Слава тебе, Карамзин, муж мудрый и доблий, своими дарованиями и трудами сугубо прославивший Россию! Премудрость твою поведят людие, и похвалу твою исповест церковь. А умолчим мы, то камни сии, велением благочестивейшего государя нашего императора Николая Павловича во славу твою положенные, о славе твоей возопиют.
Слава благочестивейшему государю нашему, толико прославившему мудрого, на радость мудрых! —
Слава вам, мужи именитые, коим первым пришла на сердце, сродная вашему сердцу, благородная мысль, почтить премудрость! Прем., гл. 6.
А паче слава Богу, действующем в нас и еже хотети и еже деяти о благоволении. Фил., гл. 2.
На меня речь произвела особенное действие: ‘Умолчим мы, то камни сии возопиют’, — сказал Преосвященный, — эти слова возвратили мне твердость. И не стыдно ли б было, исчисляя все заслуги Карамзина, умолчать от тех действиях, в коих всего яснее выразилась любовь его к отечеству и гражданское мужество? Не упомянуть в историческом спокойном рассказе, которого первое достоинство состоит в верности, о том, что он говорил прямо и открыто, мимо всех отношений. Когда? В ту минуту, когда его заслуги награждались общественным монументом, по велению государя. Пред кем? Не пред толпой необразованной, легко приходящей в соблазн, способной к кривым толкованиям, а пред дворянами, его согражданами, людьми просвещенными! Во всяком случае они должны быть сказаны, в удовлетворение собственного чувства, в успокоение своей совести.
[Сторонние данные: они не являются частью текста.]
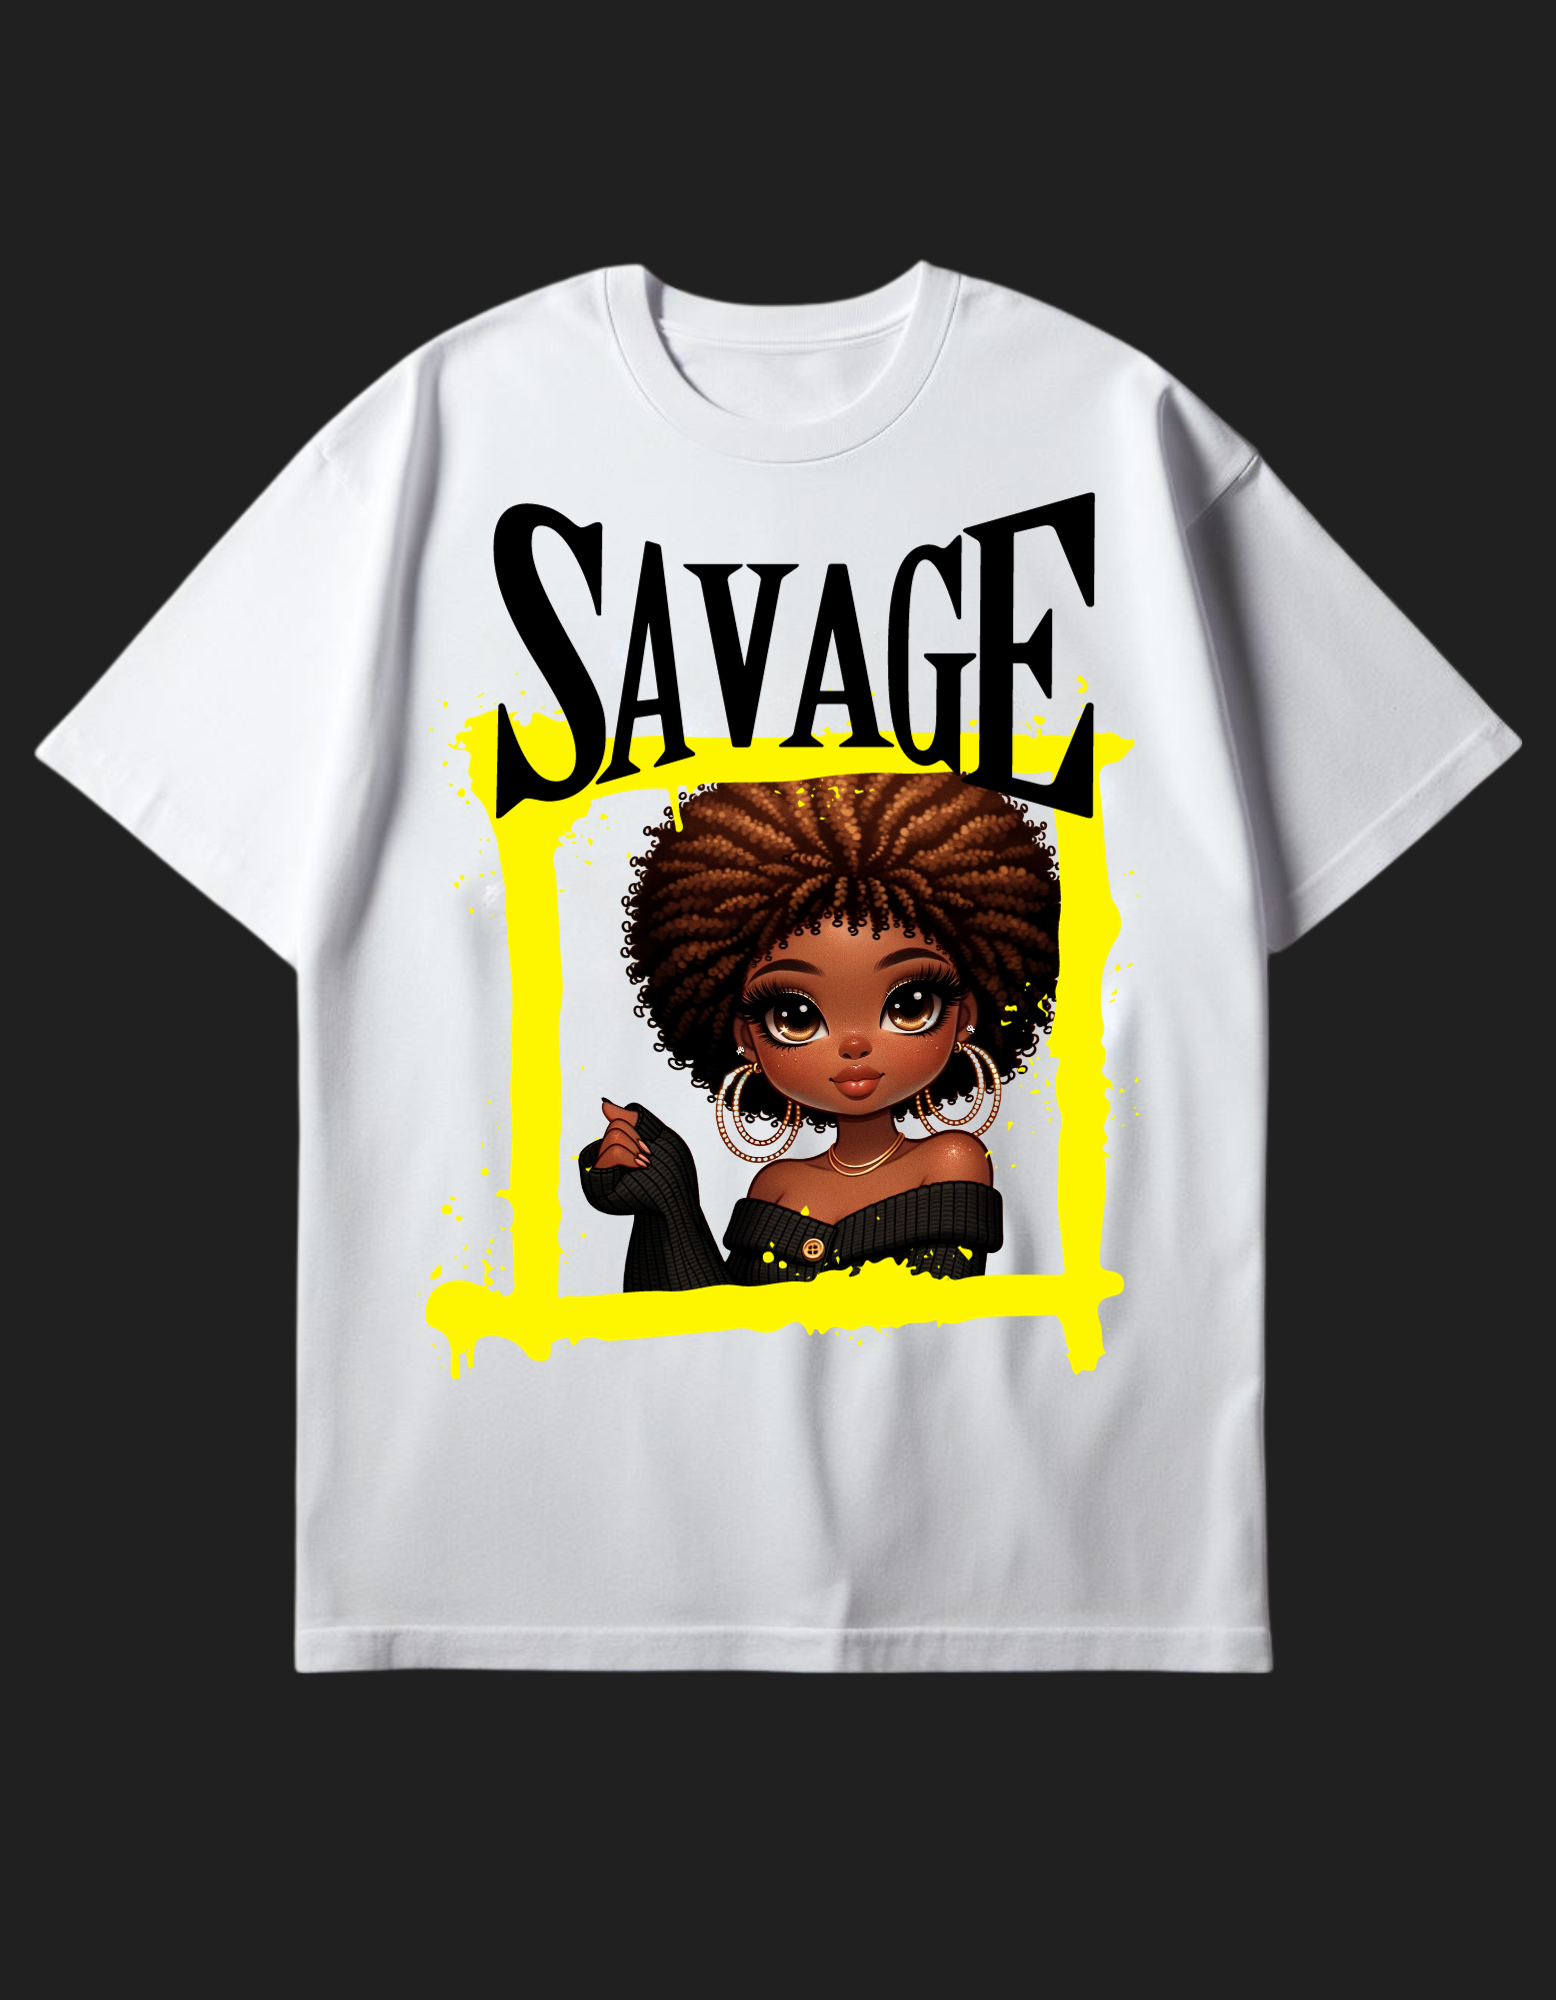 Savage Tshirt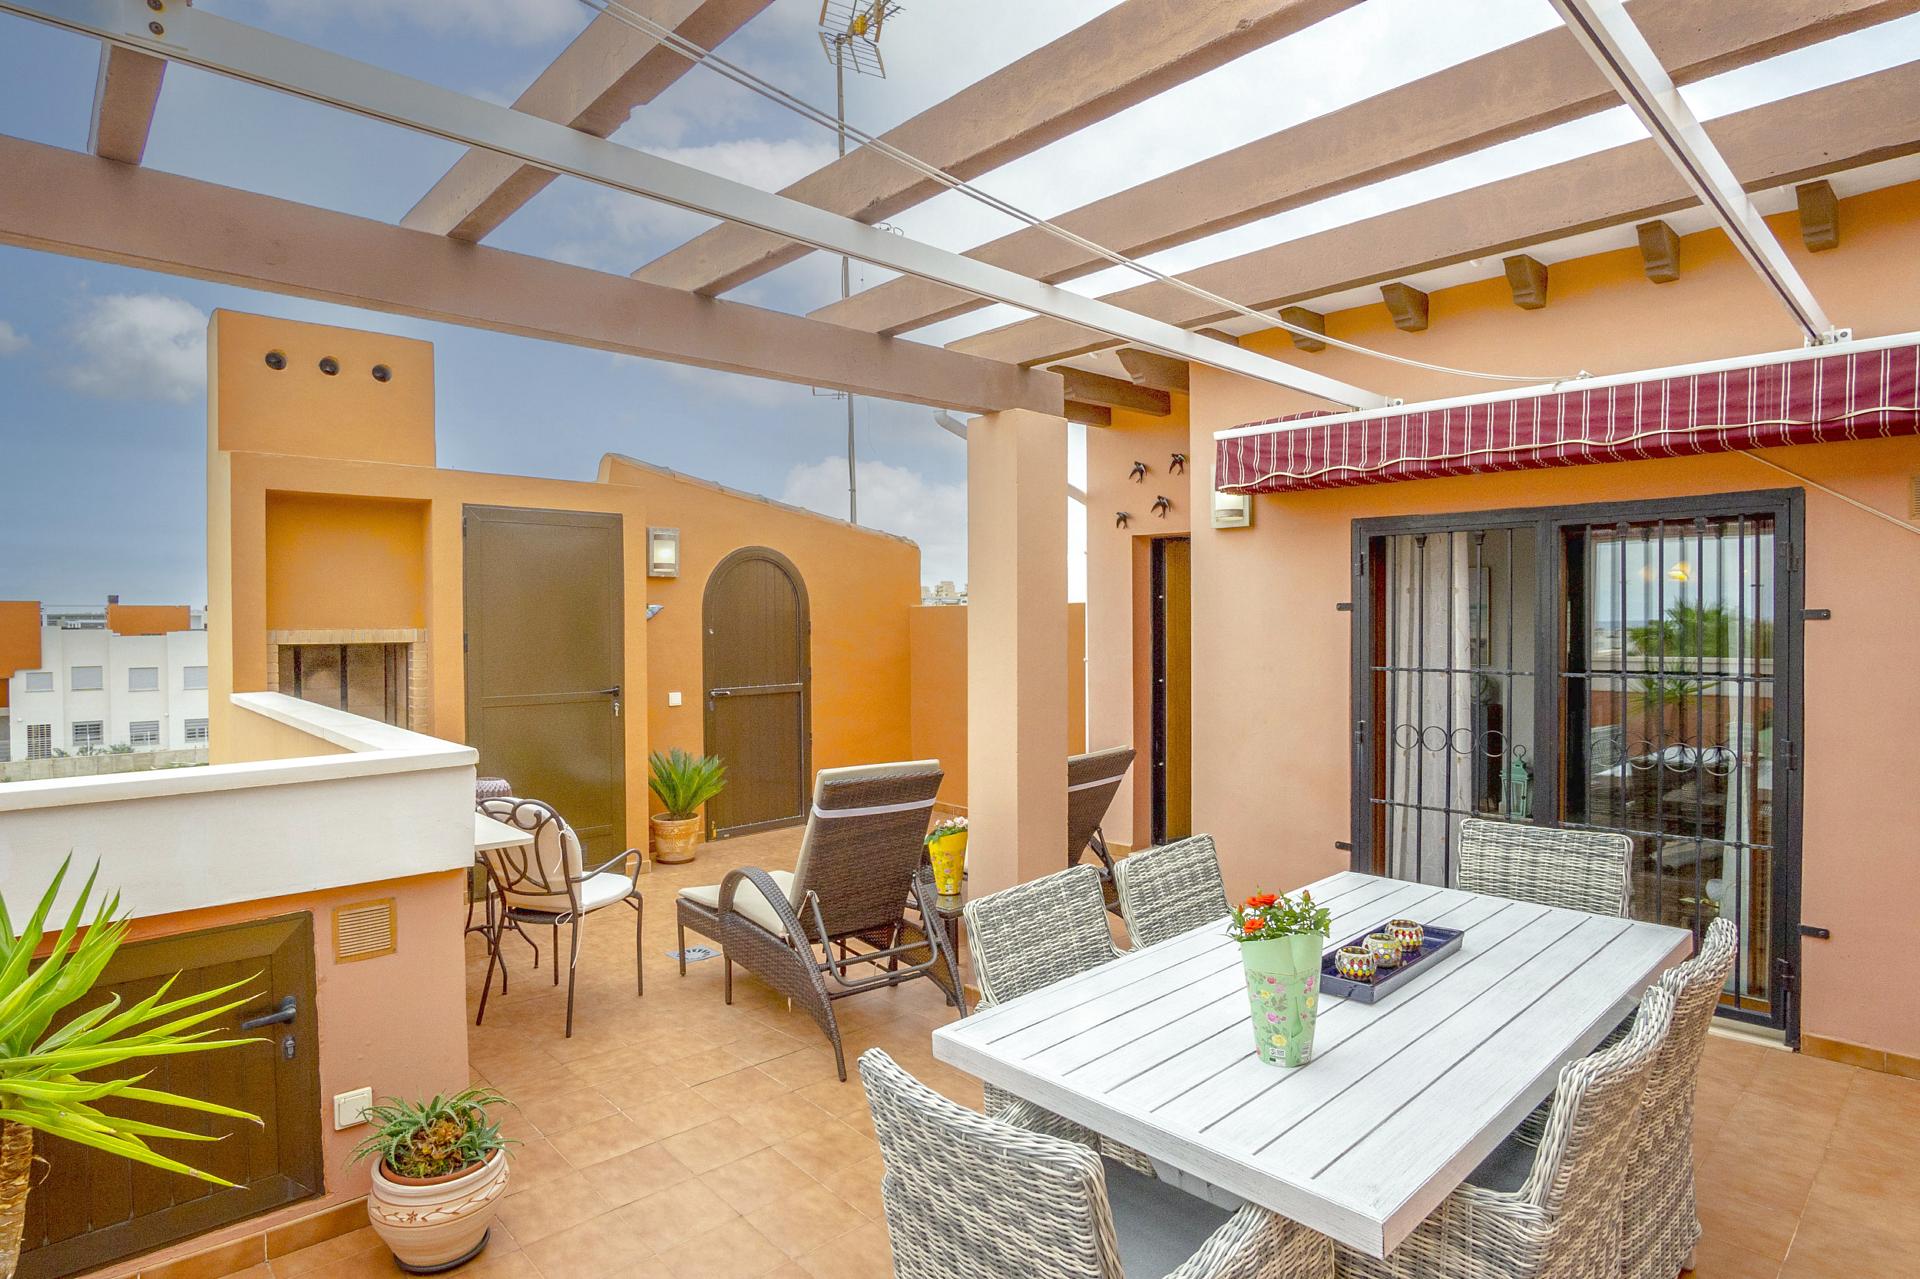 Mediterrane penthouse te koop in Res. Altos del Sol, één van de beste woonwijken van Torrevieja.

После речи Почетный Попечитель гимназии, воспитанник старого знаменитого университетского пансиона, товарищ Шевырева и Титова10, Дмитрий Петрович Ознобишин11, произнес стихи пред самым памятником, которые начинаются следующими счастливыми строфами:
Он здесь! Он вечно нам! Изображенье Клии
Отныне передаст в позднейши времена
И дар Царя, и дань признательной России
К трудам Карамзина.
Как древле Иродот, средь шумных игр Эллады,
Рассказом сладостным народы увлекал,
И юный Фукидид, вперив на старца взгляды,
Рыдал и трепетал,
Так русский юноша, теперь идущий мимо,
Взглянув на этот лик, сияющий в меди,
Любовь к отечеству, сей огнь неугасимый,
Восчувствует в груди.
В нем вдруг пробудится неведомая сила
Высоких подвигов, чем втайне мысль кипит,
И, как птенец орла, свои расширив крила,
Он к солнцу возлетит!
Преосвященный удалился для разоблачения, и Клио предстала пред взорами публики в мифологическом грешном своем величии.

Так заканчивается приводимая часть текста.